PPI has added wind power to TVA’s renewable energy sources with the dedication of a new wind-turbine park near Oak Ridge, Tennessee. The Buffalo Mountain Wind Park represents the first commercial use of wind power to generate electricity in the southeastern United States.

Three huge wind-powered generators were erected on the two-acre site in the fall of 2000 at a cost of $3.4 million. The generators add about two megawatts of capacity to the TVA power system and produce some six million kilowatt-hours of electricity a year, enough to serve more than 400 typical households in the Tennessee Valley. Electricity from the turbines is fed into the nearby Clinton Utilities Board power system, which is connected to the TVA power grid.

The electricity is sold through TVA’s clean-energy option, called Green Power Switch. The program gives consumers the option of adding electricity generated by renewable sources to the existing power mix.

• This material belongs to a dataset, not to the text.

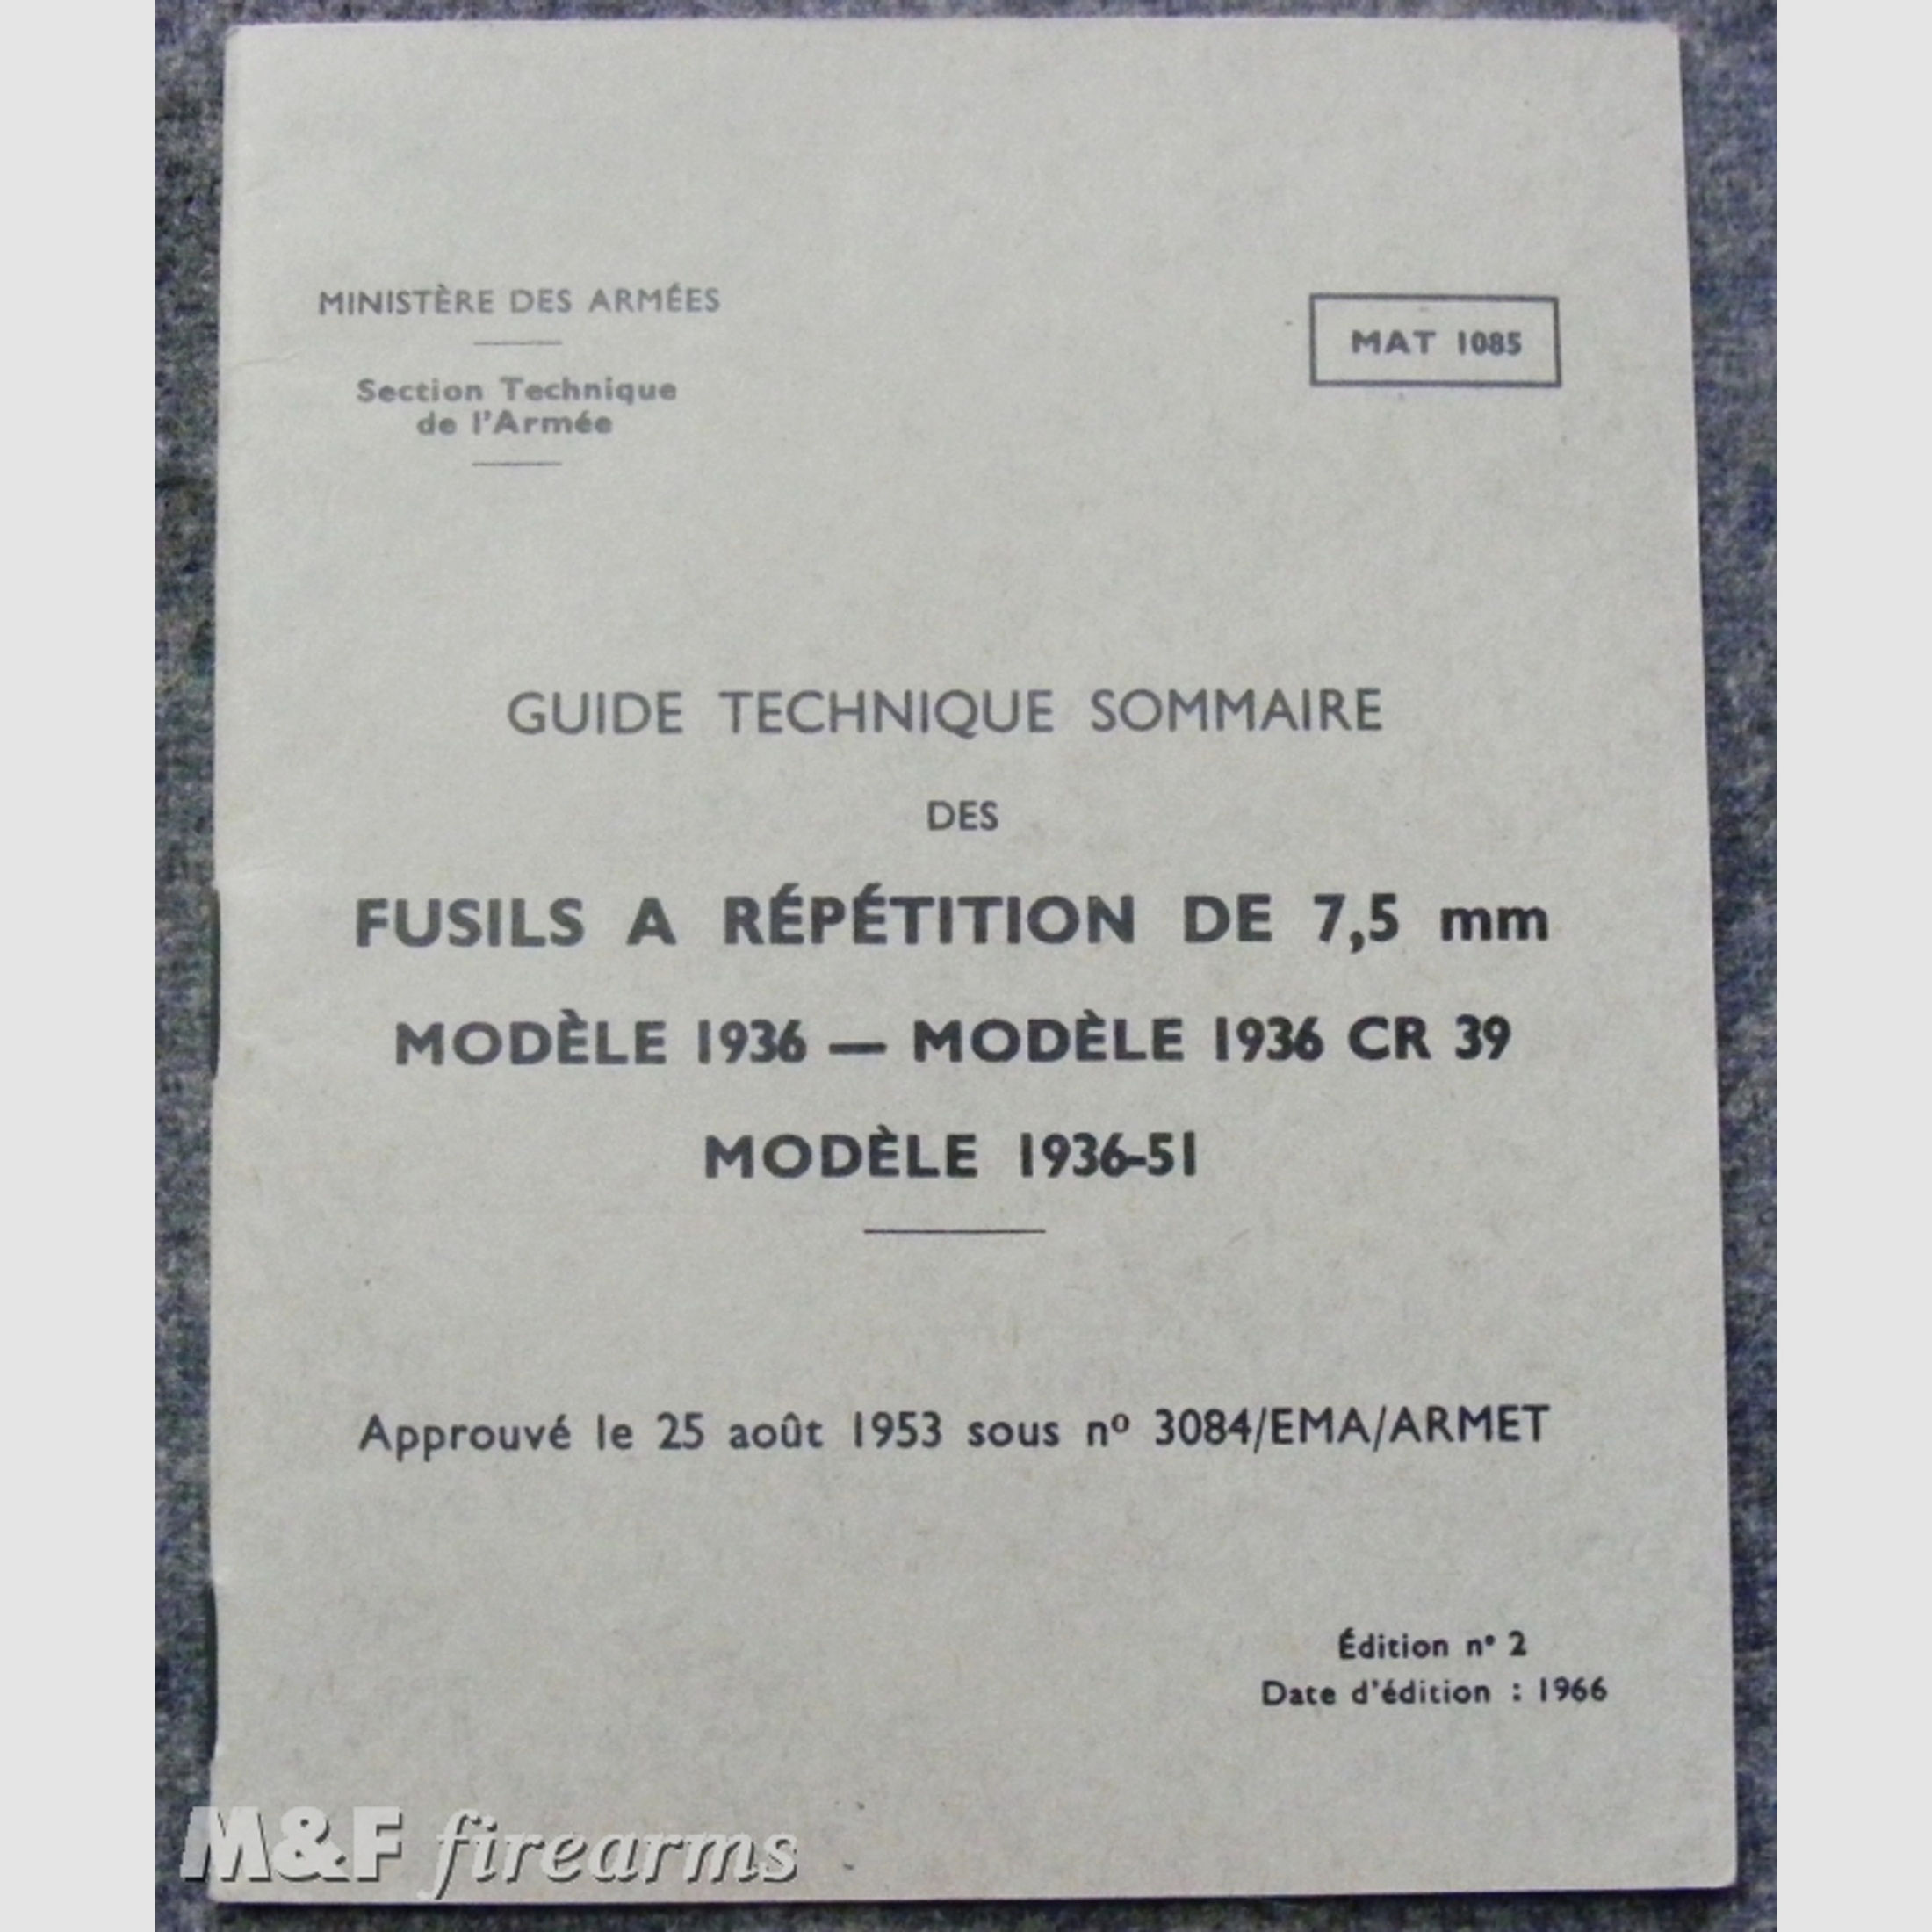 Guide Technique Sommaire des Fusils a Répétiton de 7,5 mm

The site on Buffalo Mountain was chosen for several reasons:

  • Existing 161-kilovolt and 69-kilovolt TVA power distribution lines cross the site.
  • Clinton Utilities Board has distribution lines on two sides of the mountain, and the Tennessee Communication Company has a three-phase line within one mile of the site.
  • Wind-monitoring data is available from both TVA and the National Oceanic and Atmospheric Administration (NOAA).
  • The site is an abandoned strip mine. Such sites in the Tennessee Valley—flattened, treeless areas at elevations above 3,300 feet—could be ideal locations for wind parks.
  • The environmental community enthusiastically supports the “recycling” of abandoned strip mines into a new source of renewable energy.

PPI is working with AWS Scientific and True Wind to evaluate other potential wind park sites. TVA estimates the current two-megawatt capacity could be expanded to 25 or 50 megawatts.